Gazinin ayrılmaz parçası ise nöker (yoldaş) idi. Silâh arkadaşlığı ve paylaşım temelinde başlayan ilişki devlete kulluğa dönmüştür. Bozulmanın izi mevcuttur: Nöker, bugün Kars ve civarında “ev hizmetlisi erkek” anlamında yaşar, Moğollarda ise “eş” (karı/koca) olarak varlığını sürdürür. Osman Gazi, ölüm döşeğinde oğlu Orhan’a nökerleri ile eşitlikçi temelde bir düzen kurmasını değil, onlara “ihsanda bulunmasını” tembihler. Zira tembihin muhatabı “Or-Han”dır. Gaziliğe atılan ilk çelme bu adın konmasına içkindir; buraya döneceğiz. Nasihat şu hatırlatmayla biter: “ki senin ihsanın onun hâlinin tuzağıdır.”[1] Devlet inşa edilmektedir. İsim siyasetinden, ekonomi politikaya tercihler bu gerçeğe göre şekillenmiştir.

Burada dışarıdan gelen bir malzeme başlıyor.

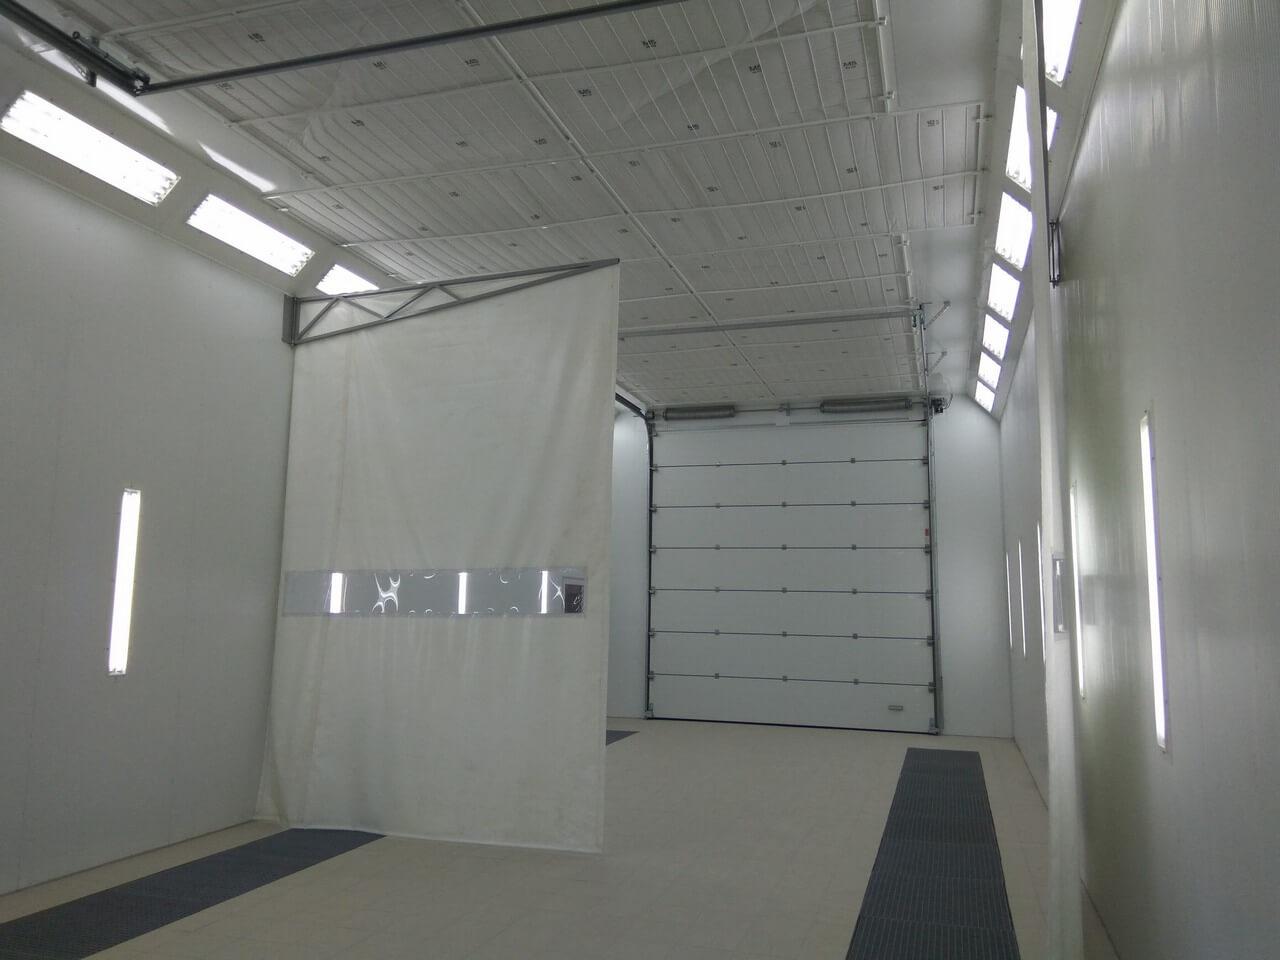 Окрасочно-сушильный комплекс для крупногабаритной техники — Аэротехника

Osman âdeta “kazan kazan” politikası izliyordu. Bir yandan, Moğol muhasebe kayıtlarında “ucatta” (uçlarda) olarak sınıflanan Beylik, Moğollara tâbiydi, haraç ödüyordu. Diğer yandan Moğollarla çatışıp yenilerek batıya göçenleri bünyesinde topluyor, Anadolu beyliklerini soğuruyor ve Bizans üzerine sevk ediyordu. Kritik anlarda gaza faaliyetleri bıçak gibi kesiliyor ve ortam müsait olunca devam ediyordu. İran Devleti’nin düzenini görmüş ve batıya kaçmak zorunda kalmış bürokratlardan hazine tutmayı, kayıt almayı, muhasebeyi öğreniyor, devletleşiyordu.

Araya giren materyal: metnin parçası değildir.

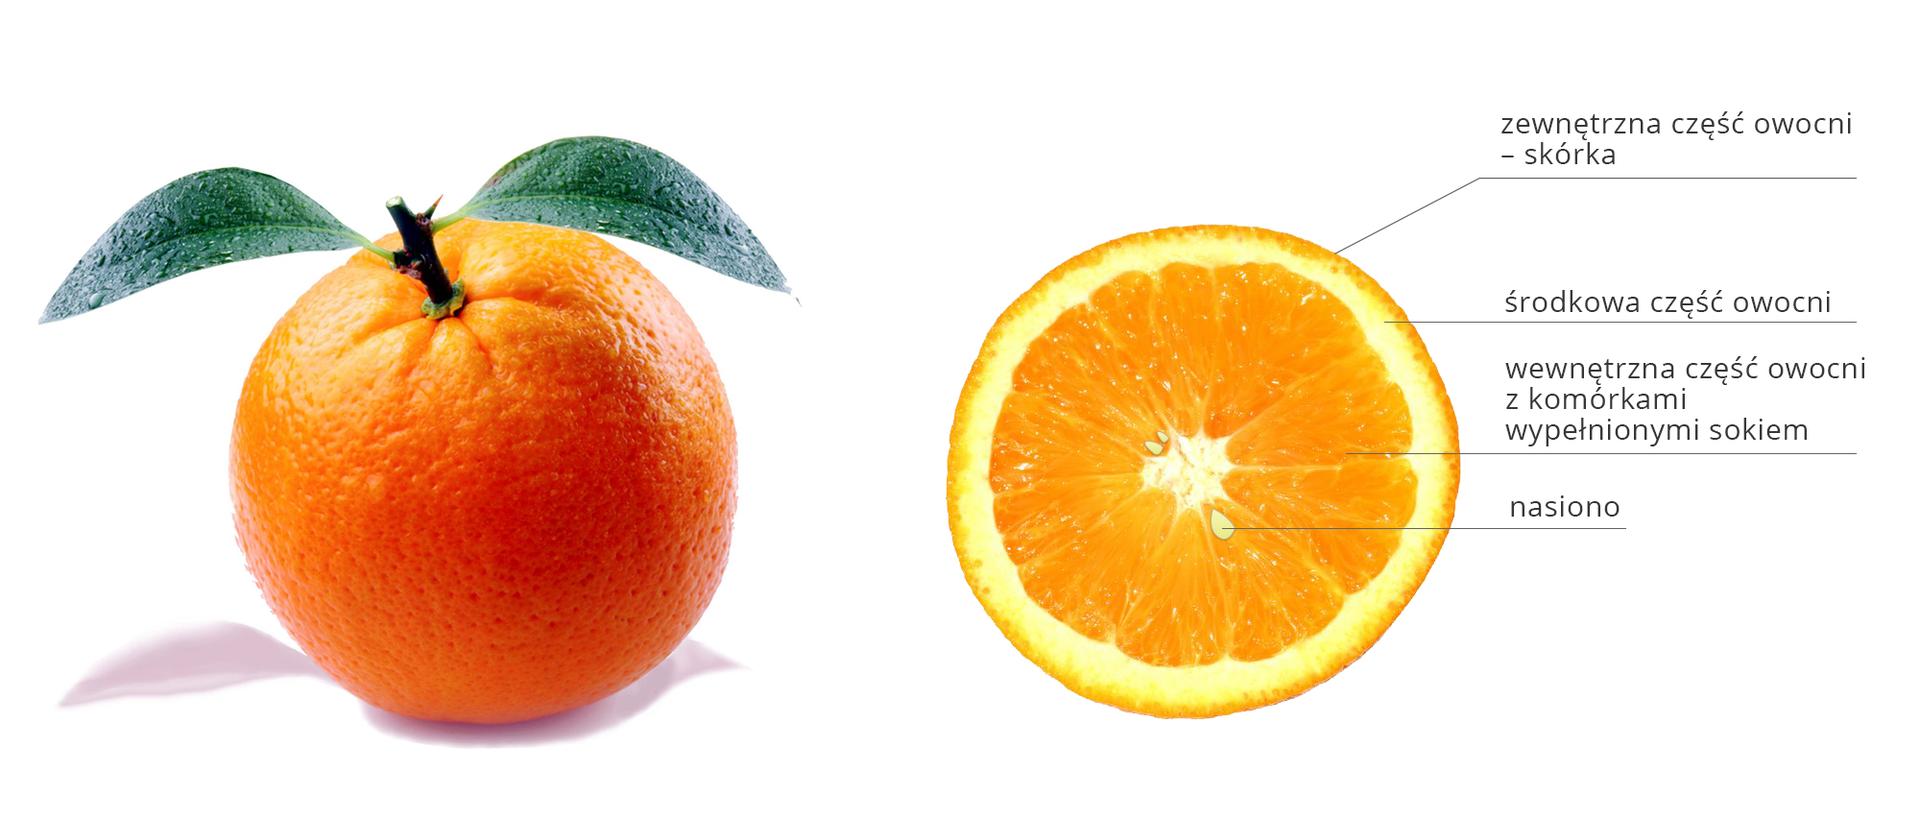 Fotografia przedstawia dwie pomarańcze: całą, zliśćmi iprzepołowioną wpoprzek. Części przekrojonej pomarańczy są odpowiednio podpisane.

İnşa edilen denge siyaseti (Bugüne kadar sürecektir) Osman’ın çocuklarına verdiği isimlere de yansıyordu. Orhan, daha Osman hayattayken inisiyatifi elinde bulunduruyor ve kardeşlerini dahi idare ediyordu; iktidar çizgisinin çok erken çekildiği anlaşılıyor. Bu çizgi, güçlüye tâbi olurken, zayıfa gaza etmeyi gerektiriyordu. Çizginin başlangıç noktasını İlhanlı saray metinlerinde bulabiliriz.

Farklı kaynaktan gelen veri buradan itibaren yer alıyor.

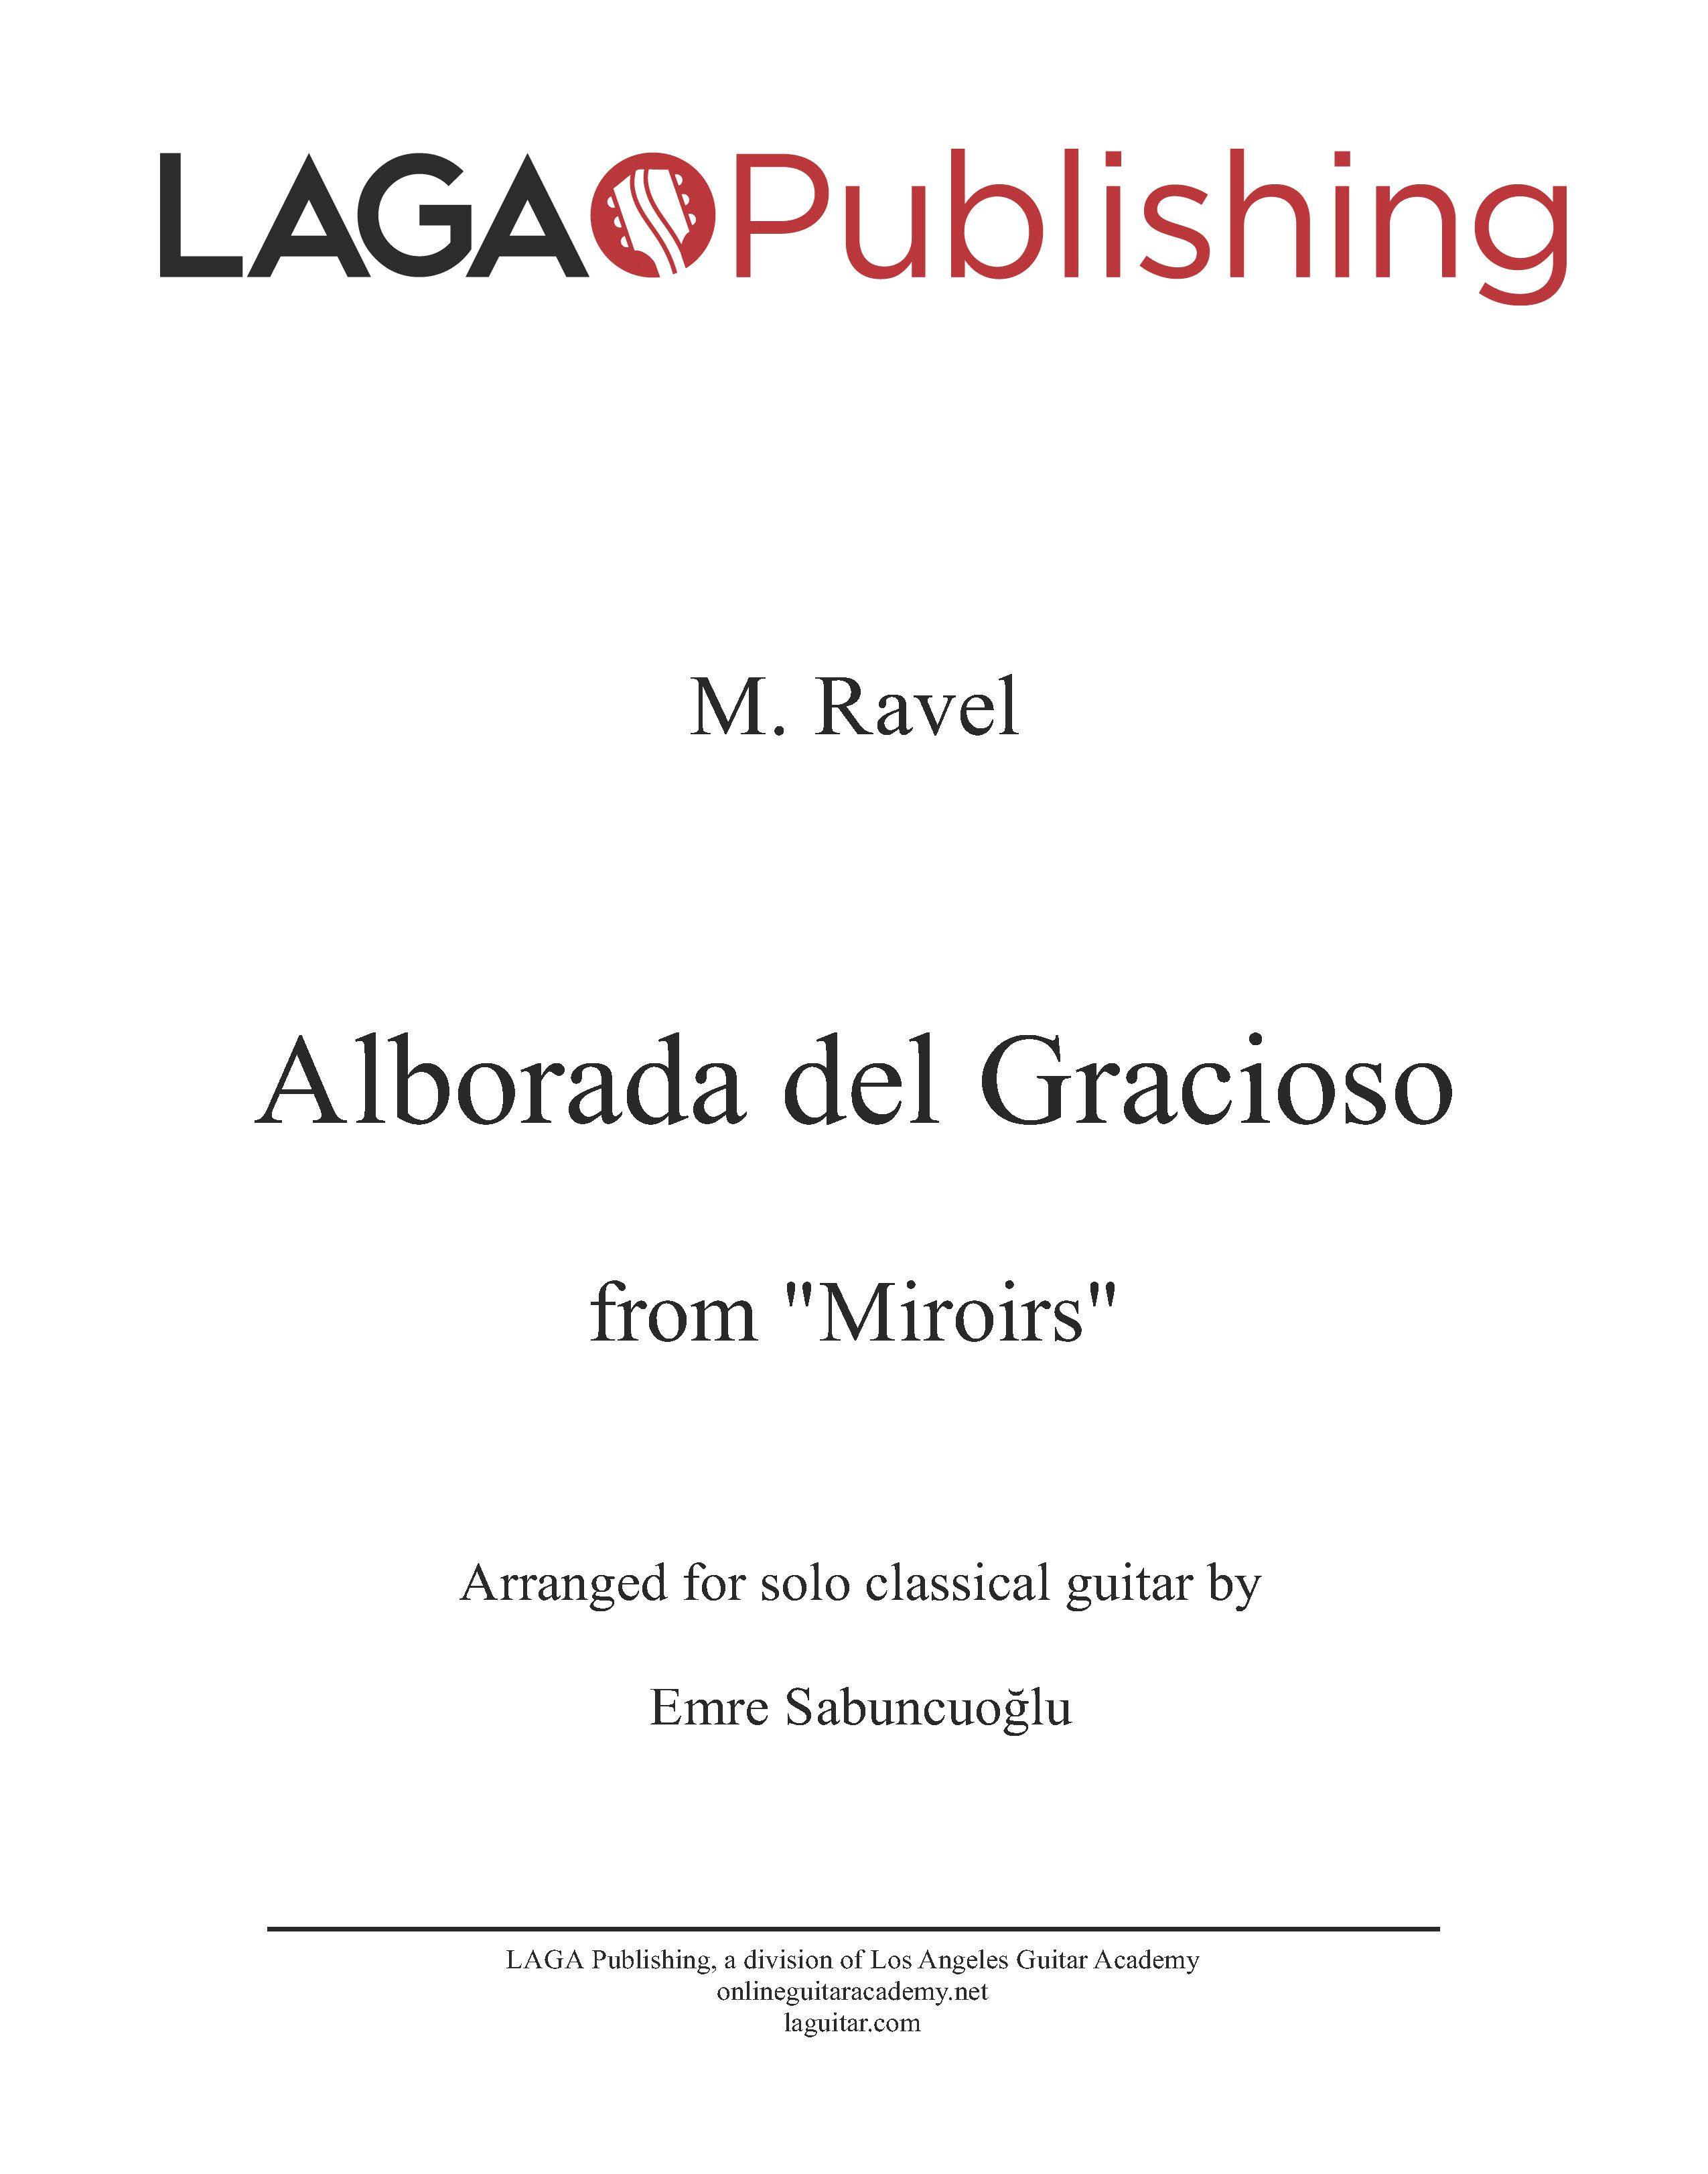 LAGA-Publishing-Ravel-Alborada

Oğuznâme’nin bugüne ulaşan iki nüshasından birisi, Moğol saray bürokratı Reşideddin tarafından Farsça yazılan dünya tarihinde (Camiü’t Tevarih) yer almaktadır. Oğuzların ve Türklerin tarihi başlığı altında verilen metin daha önceki metinlerin aktarılması mahiyetindedir ancak Reşideddin çağının tanıklıklarını, metinde geçen bilgilerin o günlerde ne ifade ettiğini, halk arasında nasıl yankılanmakta olduğunu yer yer not düşer.[2] Destana göre Oğuz’un büyük hanlık serüveni, babası ve amcalarına karşı verdiği savaş neticesinde onları ezmesiyle başlar. Or-Han dâhil, amcalarını doğuya sürer, onları orada sefalet içinde bir hayata mahkûm eder. 13. yy.’da Türklerin arasında, Moğolların Or-Han ve diğer amcaların neslinden türediğine inanıldığını, Reşideddin’in metne düştüğü nottan öğreniyoruz.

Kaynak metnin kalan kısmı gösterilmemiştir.